Pour Guillen, ces personnalités ont été «une vengeance» des oligarques et de l'opposition guatémaltèque pour le mouvement social et la pause de 106 jours pour garantir la prise de contrôle d'Arévalo et de son cabinet en 2023. «Ce gouvernement est endetté le chef. Le témoin mondial a souligné le principal responsable des homicides régionaux à trois groupes: le crime organisé (42 cas), le paramilitarisme (17) et les tueurs à gages (13).

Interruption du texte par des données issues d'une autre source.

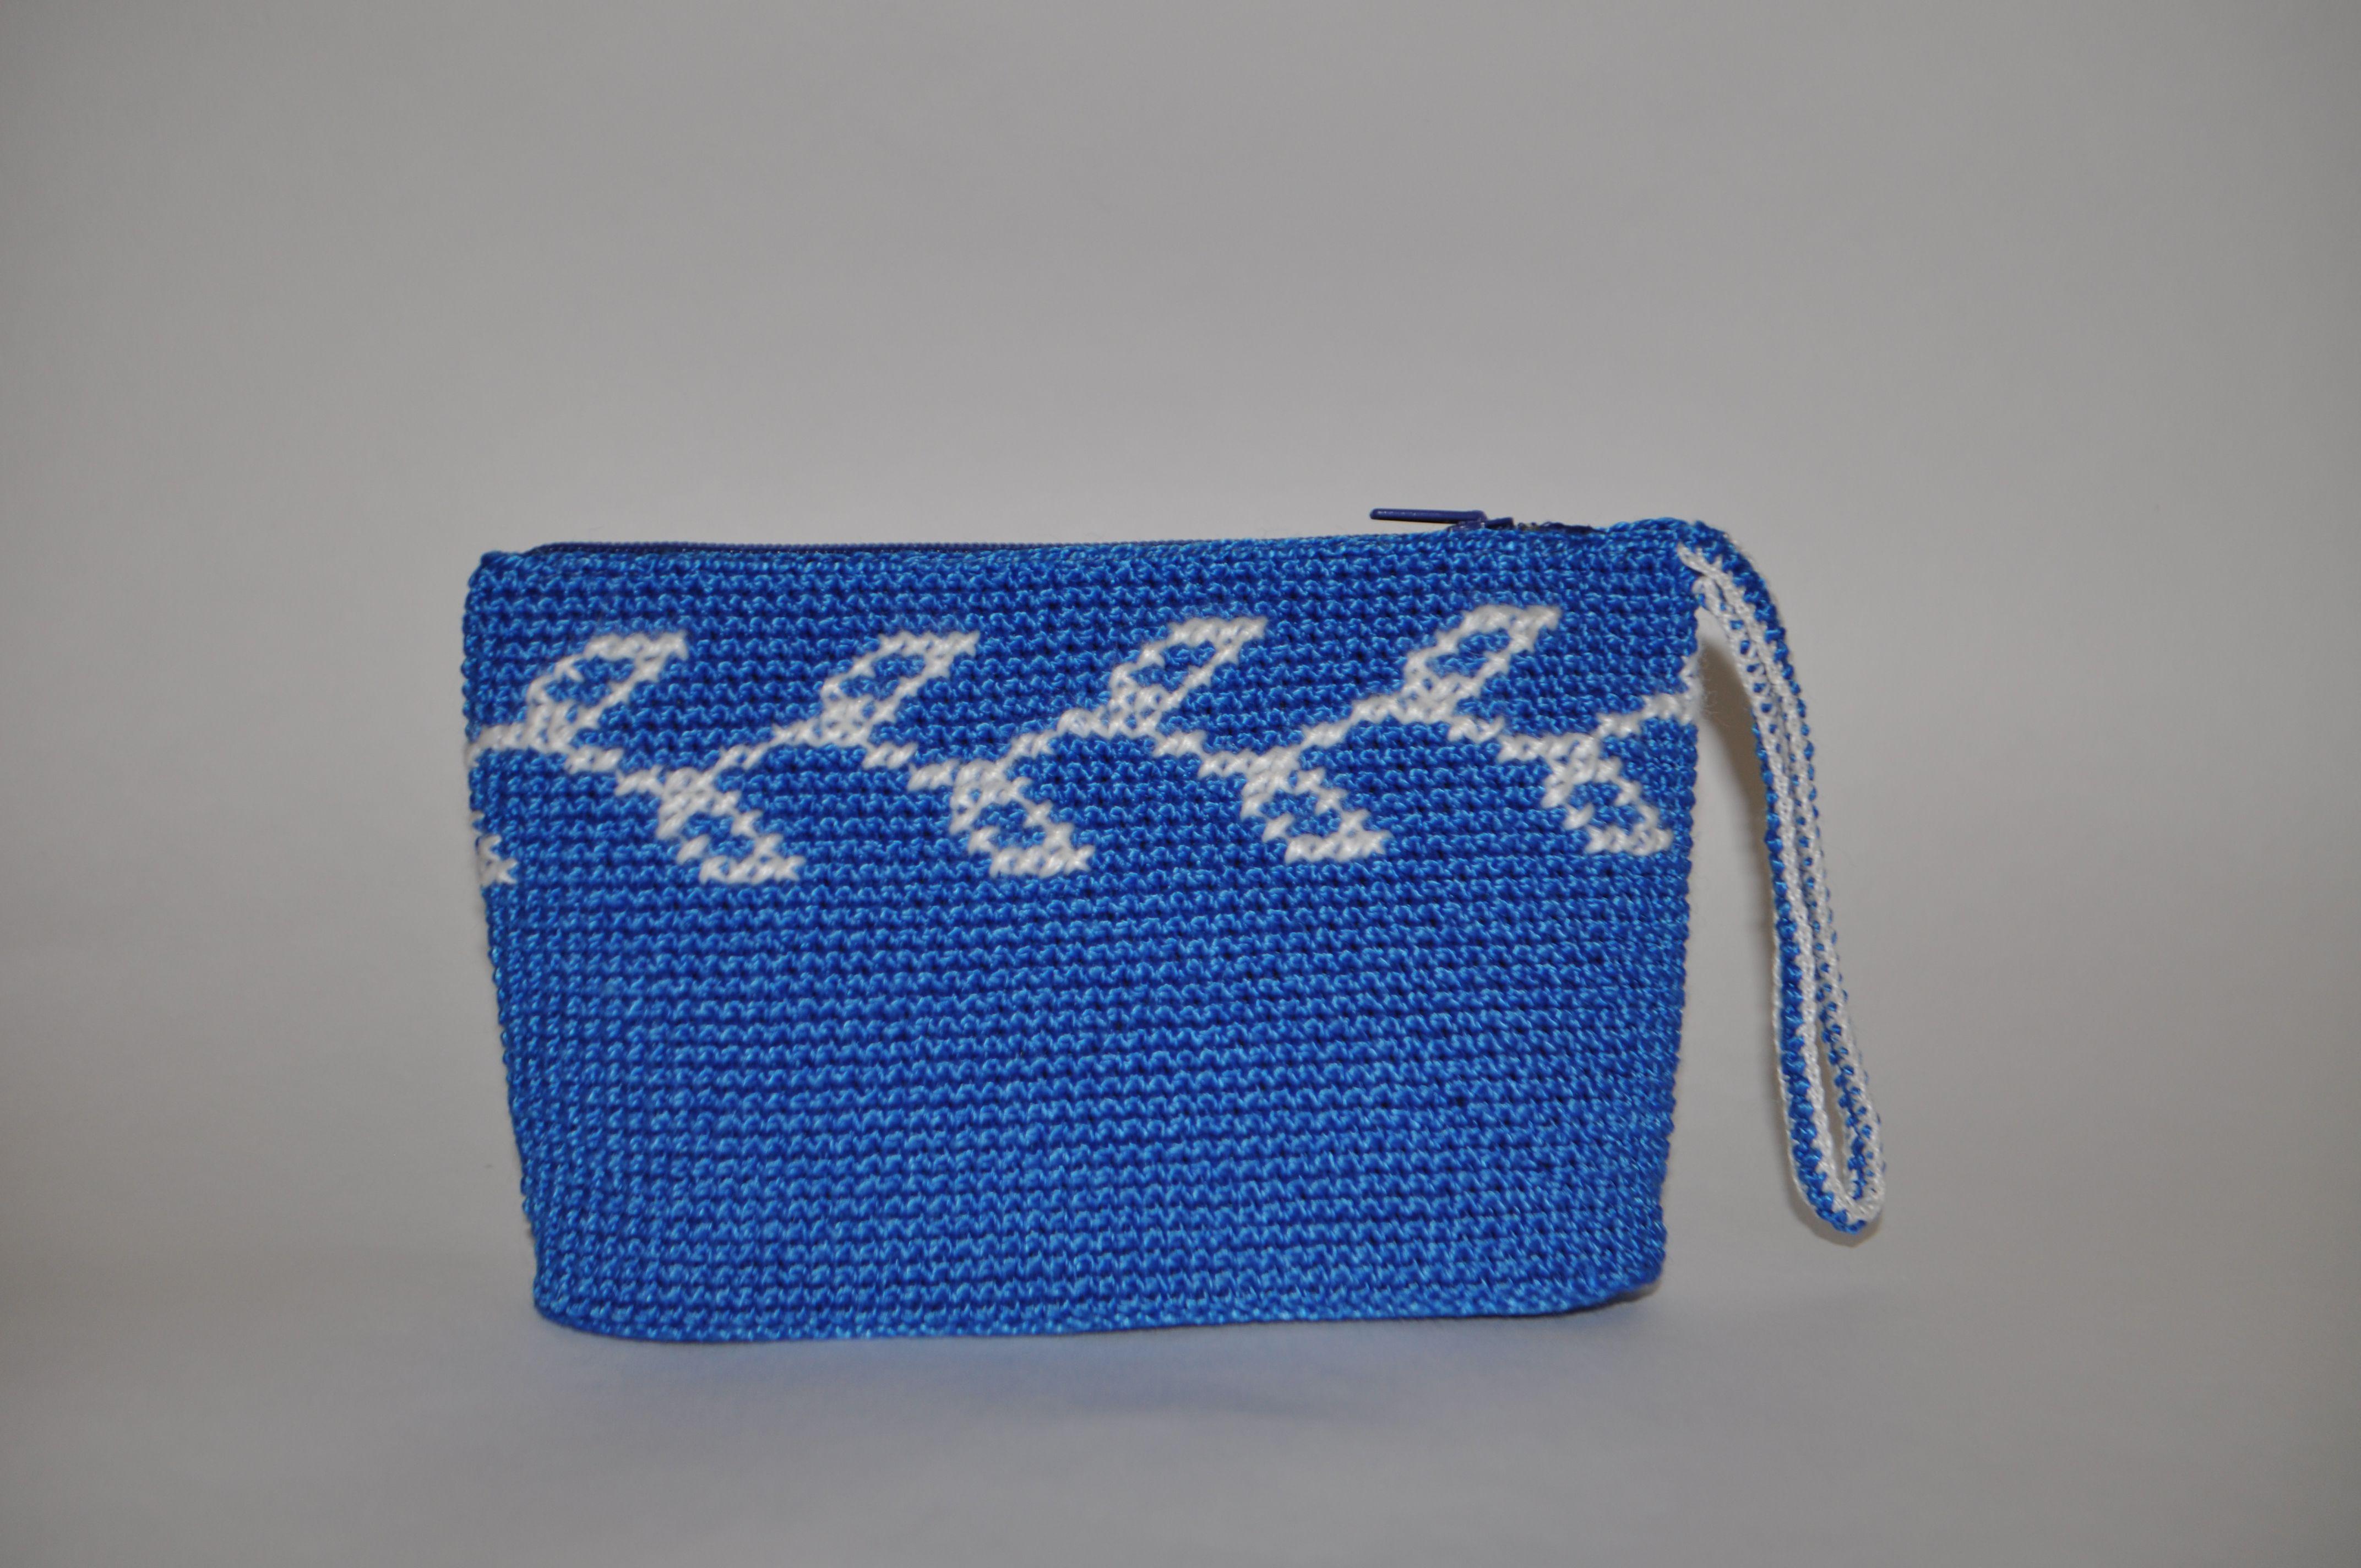 крестом на вышивка косметичка день рождения год новый сумка крючком работа с ручная сувенир праздник косметика клатч молнией подкладке белым синяя крестиком подарок вязаная

En 2024, au moins quatre défenseurs ont disparu, qui sont toujours sans être situés au Chili (1), au Honduras (1), au Mexique (1) et aux Philippines (1). L'organisation a compté sur leurs listes depuis 2012 à ceux qui ont tué et disparu pendant plus de six mois. Maintenant, afin de fournir une plus grande clarté, le décompte est pris séparément.
Guillen non seulement attriste ces chiffres. Il est également critique envers une mauvaise couverture médiatique à cet égard. «Au Guatemala, la société a cru que l'insécurité a augmenté et que les 20 dirigeants tués en sont une conséquence et ce n'est pas le cas.